Siguen corriendo los años 90, y Fito instala su «Circo Beat» de puertas abiertas.

«Esta payasada política que tenemos alrededor; el circo es también el Sargento Pepper al lado de la bolsa de papas y los gauchos; el circo es una mariposa contra una tela de araña y una lagartija cuidándola. Todo eso es este circo», describía él mismo en una entrevista para la televisión mexicana del año 1995.

«Dar es dar»

«‘Dar es dar’ es un poco lo bueno que pude aprender de Charly. Esa actitud de despojo. Incluso, hecho en los tonos de Charly, a la manera de ‘Peluca Telefónica’, con ese desparpajo tan genial que tiene ese tema.
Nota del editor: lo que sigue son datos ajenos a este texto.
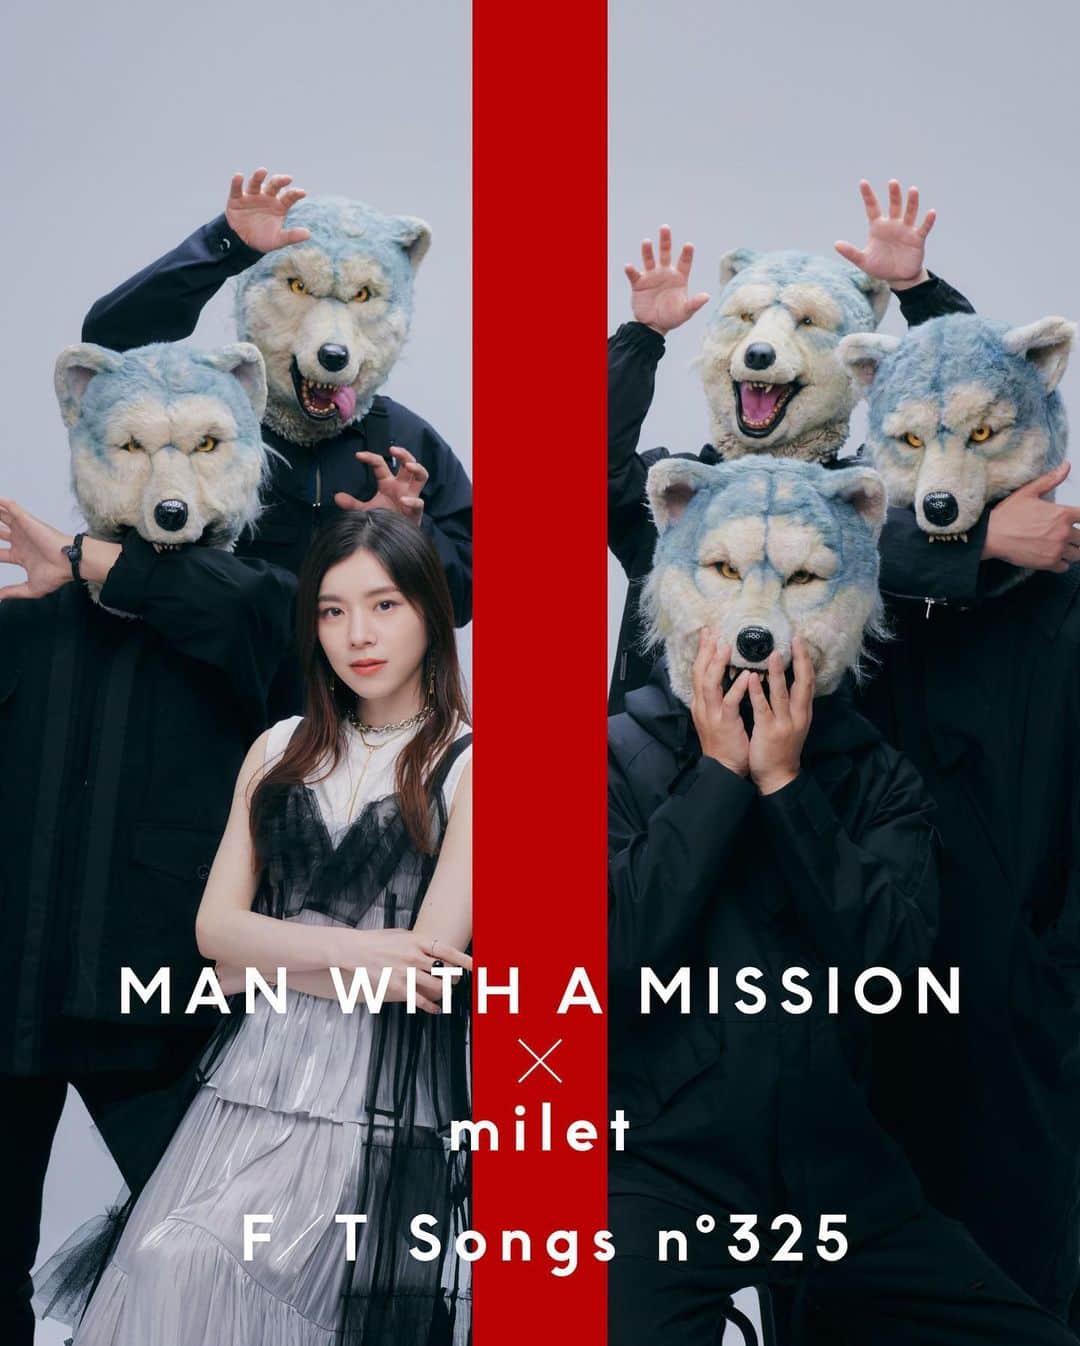 miletのインスタグラム：「THE FIRST TAKEにて、 MAN WITH A MISSION × milet 「絆ノ奇跡」 本日22:00公開！ ▶ https://www.youtube.com/watch?v=wFj7d_fnYTU  #THEFIRSTTAKE #マンウィズミレイday #鬼滅の刃 #刀鍛冶の里編 #MWAM #milet #MWAM_milet」

Habla de dar, y lo que recibís también es libertad; y un poco contra los traumatismos, contra el hedonismo psicoanalítico, contra la tensión, contra el resentimiento, contra la agresión de la cual soy víctima también: dar es dar», se lo escucha decir en una entrevista realizada como parte del material promocional de su disco «Euforia» (1996), en el que está incluida esta canción.

«Gente en la calle»

Nuevas generaciones de cantantes y de públicos continúan sumándose a la obra de Fito, siempre vigente, y con el amor intacto. Pueden escucharse las hermosas versiones de Zoe Gotusso de “Fue amor”, o de “Un vestido y un amor”, grabadas cuando aun era parte del duo Salvapantallas; a Nicki Nicole, que en la versión acústica de su hit «Plegarias» rinde un homenaje al maestro de la canción, incorporando versos de “Brillante sobre el mic”; o bien a Lali Espósito, que suele incluir en su repertorio una canción de Fito, y que fue su invitada a participar de uno de los últimos trabajos del rosarino, «Gente en la calle».

«Los años salvajes»

Y finalmente, la canción que se abre paso en el álbum «Los años salvajes» (2021), junto a Fabi Cantilo, y su reflexión:

«Es una canción que deriva de la autobiografía que escribí en pandemia. Recuerdo épocas de juventud, sin nostalgia, sin opinión tampoco. Los hechos empíricos, en fin. Y, al final tiene una frase muy hermosa que dice ‘estos son mis años salvajes. El infinito está ahí afuera. Ya estoy curioso del vuelo’.

Infinitos 60 años, Fito. Y vida infinita a estas canciones.